Tuesday, November 30, 2010

A Perspective On Darkness

I just loathe the way darkness is portrayed in popular culture and the media. Everywhere you look it relates to how to get out of it, how to avoid it, how terrible it is, or it is simply relegated to the musical genres of death, thrash, black and doom metal or to films and books of the horror genre. To be honest though, I'm not sure what I'm trying to do with it. It's just that something tells me this world needs to realign its thinking of it before we neurotically self-destruct through capitalist-induced consumerism, self-induced ambivalence, religiously-induced righteousness, or massively overdose on a collectively-induced ingestion of fluffy goodness.

After seeing the documentary Until The Light Takes Us I got a new perspective on how I think about it. One of the interviews in that documentary was done with former black metal artist Varg Vikernes of Burzum (he now denounces any affiliation with the genre of black metal although he continues to write music using the name Burzum).


He spoke to the film-maker from a prison in Norway where, at the time, he was serving a 21 sentence for murdering a fellow musician and former friend Øystein Aarseth, of Norwegian Black Metal band Mayhem, back in 1993. The Norwegian black metal movement of the late eighties and early nineties created a lot of mayhem (haha yes a pun) and resulted in multiple church burnings, murder and suicide. The music was dark and expressed in such a way as to scream for the destruction they craved. He claims never to have been into violence for the sake of violence. He describes the general ambience of violence in terms of needing to destroy something before something new can replace it.

His words gave me hope because I've never been a fan of violence or black metal in general and I've never subscribed to death and darkness for the sake of destruction or evil and I'm relieved to hear that somebody out there has the same idea of it as I have always had. I only wish I liked black metal music more than I do. It would be sympathetic to my thinking.

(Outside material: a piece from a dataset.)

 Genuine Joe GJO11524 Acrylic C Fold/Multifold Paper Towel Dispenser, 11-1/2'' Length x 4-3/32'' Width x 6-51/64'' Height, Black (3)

However, in the major arcana of the tarot there is a great example of how darkness and violence can be beneficial. Card 16 The Tower, is a tower built of our illusions and when lightning strikes this tower it falls to the ground and our perception, our foundation of beliefs fall along with it. It can be terribly tragic and destructive when it happens to us personally, but at the same time a new way is paved to realign our thinking in a less precarious way.



Kind of smacks of September 11, 2001 doesn't it? But this is not darkness. This is a lack of darkness being manifest as religiously-induced righteousness. The real darkness would be the stuff of understanding for the differences in human beings buried beneath the insanity of riotous behaviour by the Muslim extremists responsible for the attack.

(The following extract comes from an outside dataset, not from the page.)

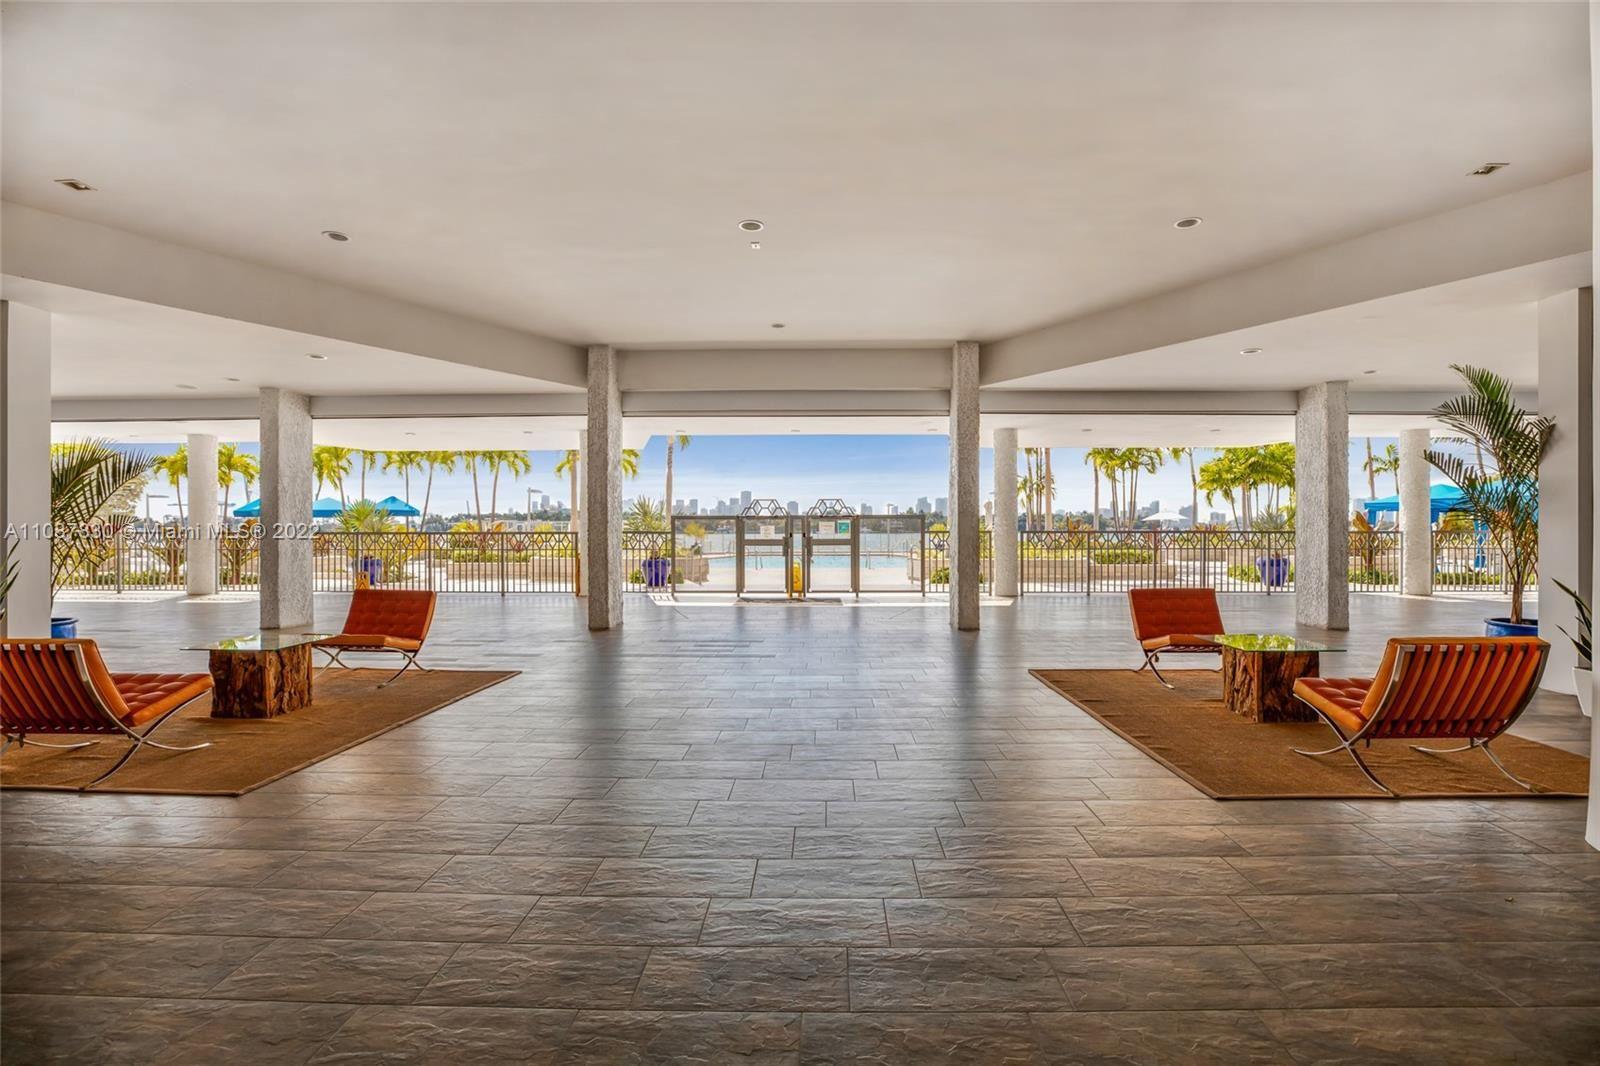 800 West Ave #201, Miami Beach, FL 33139 - #: A11087830

I wish the world would stop trying to make things light and accept what is floating around in the darkness as part of who we are, listen to it, take responsibility for our own actions, and blame no one. It is what it is.

The tarot image above is from the Victoria Regina tarot published by Llewellyn Worldwide, now out of print.

4 comments:

Christopher Courtley said...

Konstantinos, in his book "Nocturnal Witchcraft", suggests a model in the form of an equal armed cross, in which the vertical bar represents the good/evil dichotomy and the horizontal the light/darkness. In theory, we all fall into one of the quadrants; there is good dark & evil dark, and there is good light & evil light. I like this model. Though it is somewhat simplistic, it is useful for explaining to others that 'dark' does not necessarily equal 'evil', nor does 'light' always equal 'good'.

S. Camille said...

I'll take a look at that book. Thank you.

Eddie said...

I'm with ya, sister. I agree that too much emphasis is placed on separating good from evil, light from dark, positive from negative, etc. I think it's vital for humanity to accept the fact that you can never hope to know the whole truth when you're constantly trying to rip it apart and reshape it.

On a personal level, I've found what gives me a lot of tolerance and patience for others is keeping in mind the concept that no one is all good or all evil, it's always a fucking mix.

S. Camille said...

Hahaha... yeah a fucking mix and I think there is too much God damned light mixed into the pudding... I'm going to balance that out with as much dark as possible!
Grrrr... blaspheme blaspheme blaspheme argh!